Dos únicos recuerdos me dejas en las manos:
cicatrices de ayer que hoy descubro,
y el amor, castigo de Tántalo,
como un fruto prohibido
que no me está permitido alcanzar.


¿Por qué ya no me dejas beber de ti,
alimentarme de tus labios?
¿Por qué me obligas a esparcir mi deseo
entre esta rabia de cristales rotos
que me rasgan las entrañas?.


Pero así no matas al amor, mi amor.
Nos abandonas con el aliento en los labios,
expirando inagotablemente,
sin saber si algún día llegaremos
a vestir tu recuerdo de negro.
Sé que siempre será violeta.
Inmutable.


Me deslizo por tu cuerpo, sin tocarte
- la distancia es ahora un abismo cercano-
y siento como las hormigas de la esperanza
desandan sus pasos, escupen nuestras miguitas,
se esconden en una gruta bajo tierra
construida a golpes de impotencia.


Así, sin permiso para tocarte, súbita ciega
por palabras arrojadas como ácido sobre mis ojos,
que siguen buscando a los tuyos confundidos,
pero ahora para no mirarse. Prohibido mirarte.

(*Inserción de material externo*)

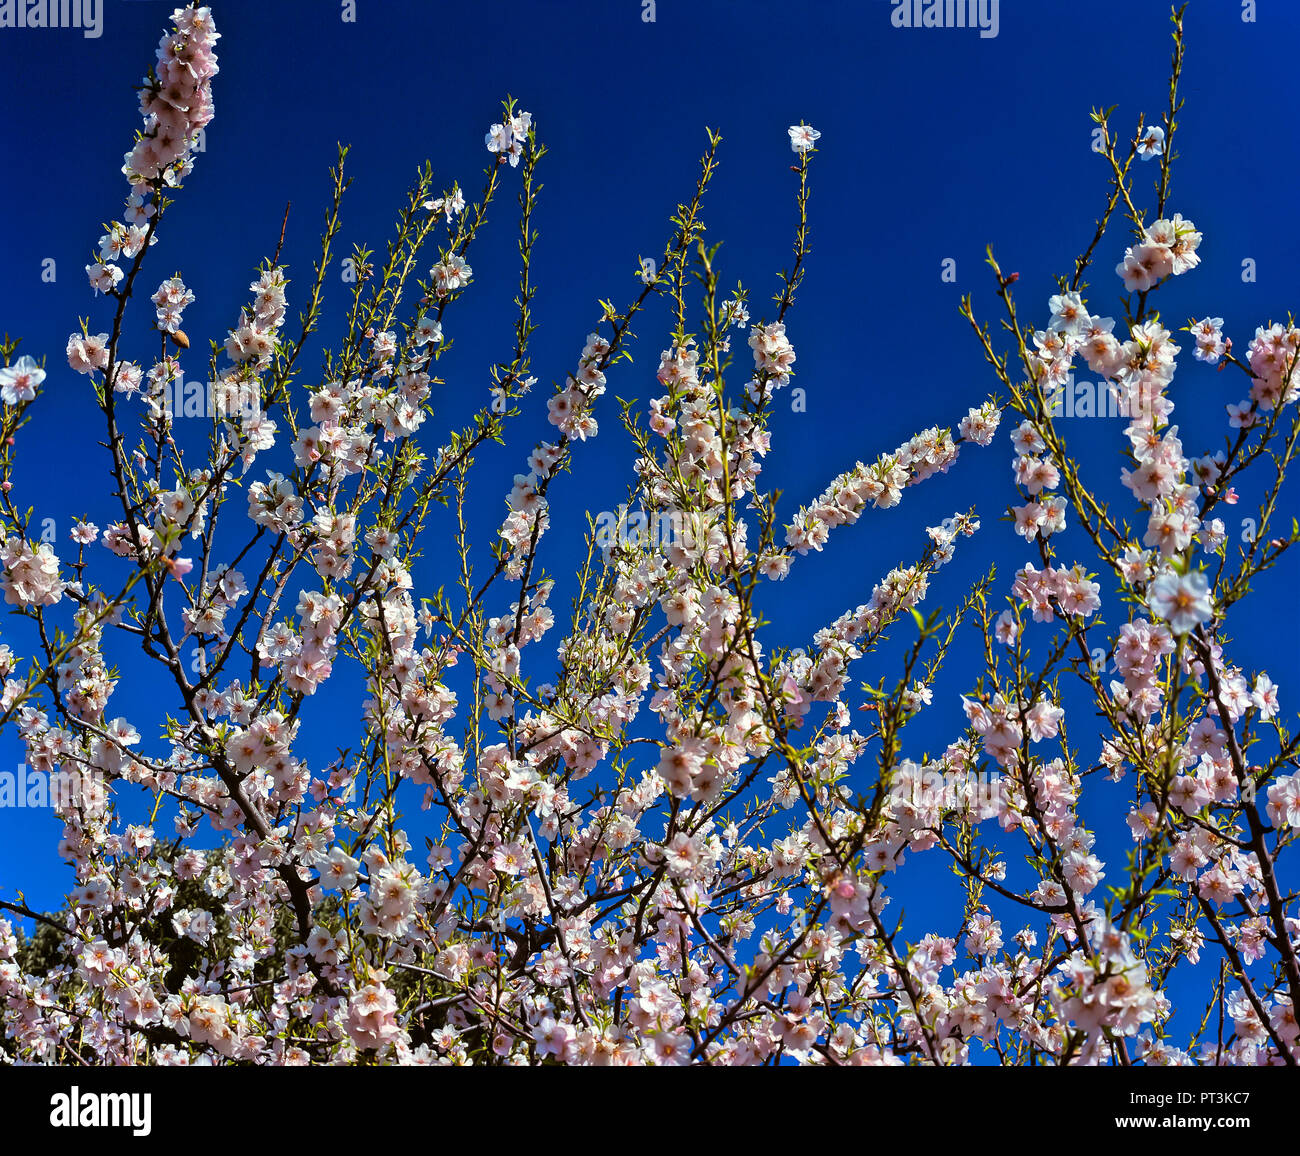 Almond tree - flowers. Natural Park of Sierra Magina. Jaen - province. Region of Andalusia. Spain. Europe Stock Photo

Y si me deslizo por tu cuerpo tocándote,
corrompiendo tus fieles promesas,
ya no te siento respirar sobre mi pecho,
quizá porque dejé de ser tu aire, tu pulso,
tu ansia, porque he dejado de ser tu vida.


Mientras que tú, tan indiferente,
deslizándote en mí, rozándome cada llaga,
solamente vienes a destrozarme la garganta
con mariposas que revolotean moribundas,
recordándome mi fracaso ante ti, azotándome
el corazón con la fusta del pasado: "Te quería".
De nada sirve en mi presente, yo aún te quiero.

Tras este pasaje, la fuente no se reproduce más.